Opaque, corrupt, inefficient — Việt Nam’s state-run companies are used to criticism, but now they stand accused of creating a systemic economic crisis which the communist regime cannot fix.
More than 25 years after it started a transition towards a market economy, the government is trying to unpick a web of state-owned firms, which have a stranglehold on the economy and are proving stubbornly resistant to reform.
“The public sector is the Communist Party’s biggest mistake,” said Hà Nội-based economist Nguyễn Quang A, adding that the “long illness” of the public sector was causing a broader economic crisis.
“The economy is in its worst situation since 1986,” he told AFP, referring to a major economic crisis which precipitated free-market reforms.
The state sector is “the spoiled child of different interest groups (who) do not want to reform the sector to protect their power…
They are seeking to maintain its status at any price.”
Despite a string of interest rate cuts aimed at stimulating the economy, Việt Nam’s annual growth slowed to its weakest pace in 13 years in 2012, and resurgent inflation is seen as limiting the scope for further stimulus.
Việt Nam has more than 1,300 state-owned enterprises (SOEs).
They account for 45 percent of the country’s total investment, use 60 percent of commercial bank loans, and absorb some 70 percent of development aid.
But they contribute just 30 percent of annual GDP growth according to figures from the Ministry of Planning and Investment made public in November.

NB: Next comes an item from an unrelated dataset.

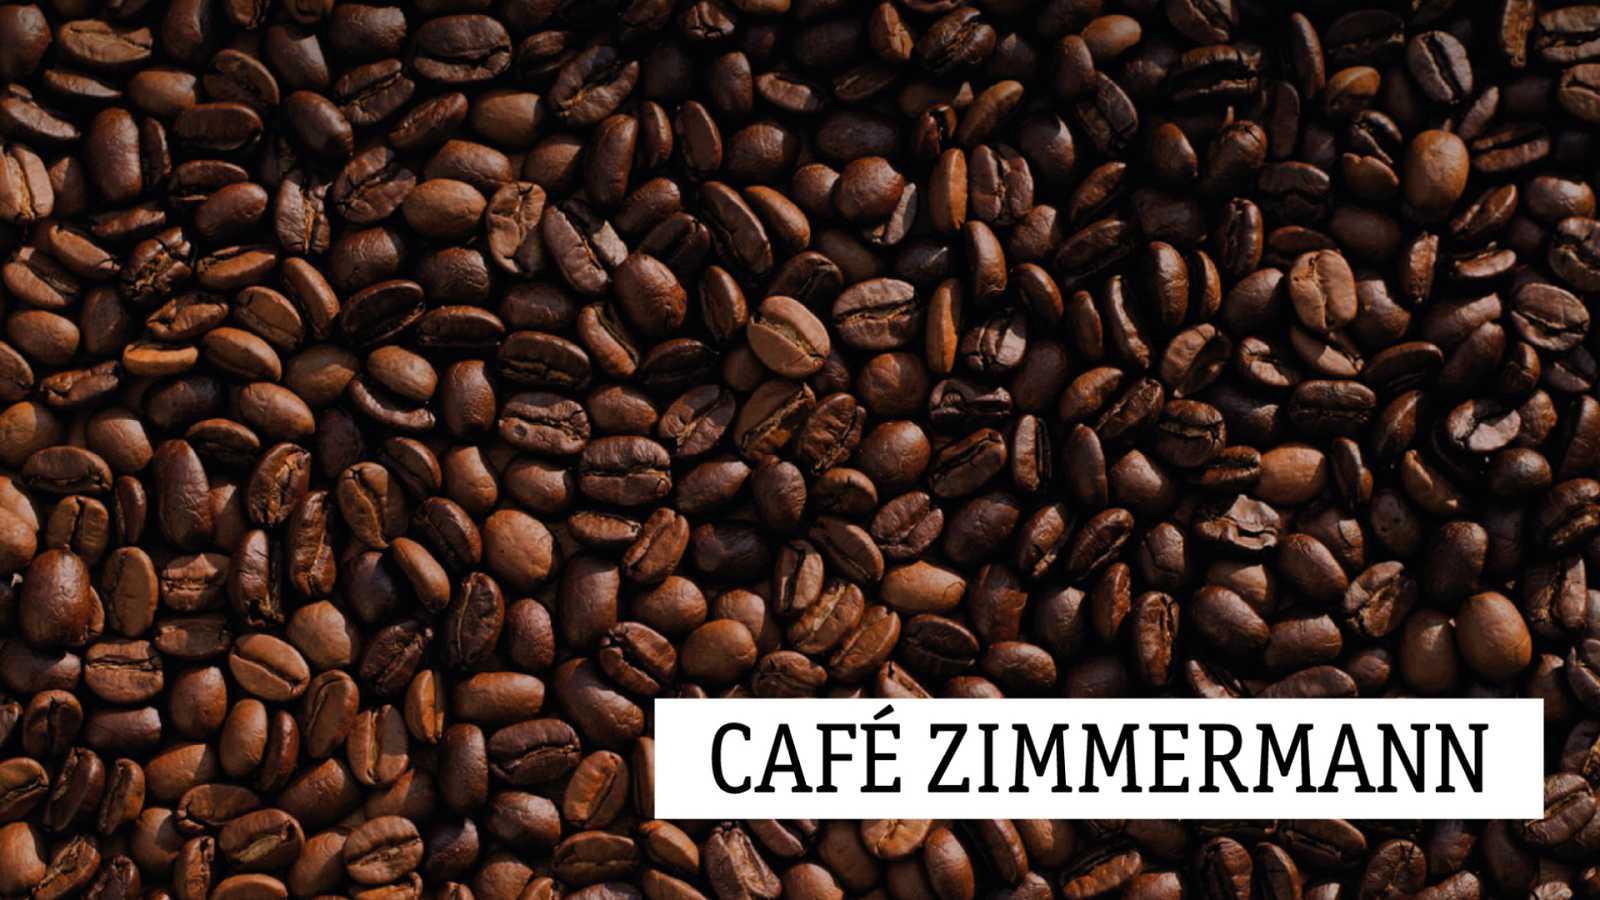 Café Zimmermann - Expreso a Praga - 26/04/21 - ESCUCHAR AHORA

Some analysts argue that if one counts SOE subsidiaries and so-called private enterprises which are in reality controlled by top government officials, the state sector accounts for 70 percent of Việt Nam’s total economic activity.
But the sector is not in good health.
SOEs have racked up some $61 billion of debt which represents more than half of total public debt in Việt Nam.
Several of the SOEs have already collapsed in spectacular fashion, including shipping giants Vinashin — which ran up $4.4 billion of losses — and Vinalines, which has defaulted on payments of some $1.1 billion.
Their downfalls have been used in particular by detractors of Prime Minister Nguyễn Tấn Dũng — seen as a reformer when he took office in 2006, but now roundly blamed for the country’s economic woes.
Dung championed the SOEs as a path to economic prosperity, citing the example of South Korea’s Chaebol.
Experts say the SOEs have become expert at hiding their debts, have incomprehensible strategies, hazardous investments in non-core sectors which are cunningly designed to circumvent government regulations.
The top officials running the companies frequently flaunt lifestyles incompatible with their official remuneration, fuelling public anger at the corruption, inefficiency and waste.
“The crisis of public debts is an economic drama that has lasted five years already and is linked to the authority of the Communist Party,” said Quang A.
In the last few months, rumours have been multiplying about the weaknesses of a string of other major SOEs.
The official media has singled out Electricity of Việt Nam (EVN) and the coal giant Vinacomin as the next heavyweights heading for a collapse, only kept alive on a life-support drip of official favours and credit.
Some 30 of the 85 largest SOEs have accumulated debts between three and 10 times larger than their capital according to Minister of Planning and Investment Bùi Quang Vinh, speaking in December.
“People intentionally violate the law purely for personal interest,” he said, bringing up massive investments by several SOEs in sectors they were not authorised to operate in.
Scapegoated for the sector’s broader collapse, the ex-head of Vinashin has been sentenced to 20 years in prison, and the top officials at Vinalines are in prison awaiting trial.
No systemic solution has been proposed to avoid repetition of their failures.
Yet the Vietnamese model, a strange mix of “market economy with socialist orientation” has been discredited both at home and overseas.
“Public enterprises have to beg for state subsidies to survive — they have become a cancer in the economy,” said one Vietnamese parliamentary on condition of anonymity.
“Reform is too slow because it faces strong opposition from leaders and company directors. Billions of dollars have been lost.
But hardly anyone has been brought to justice.”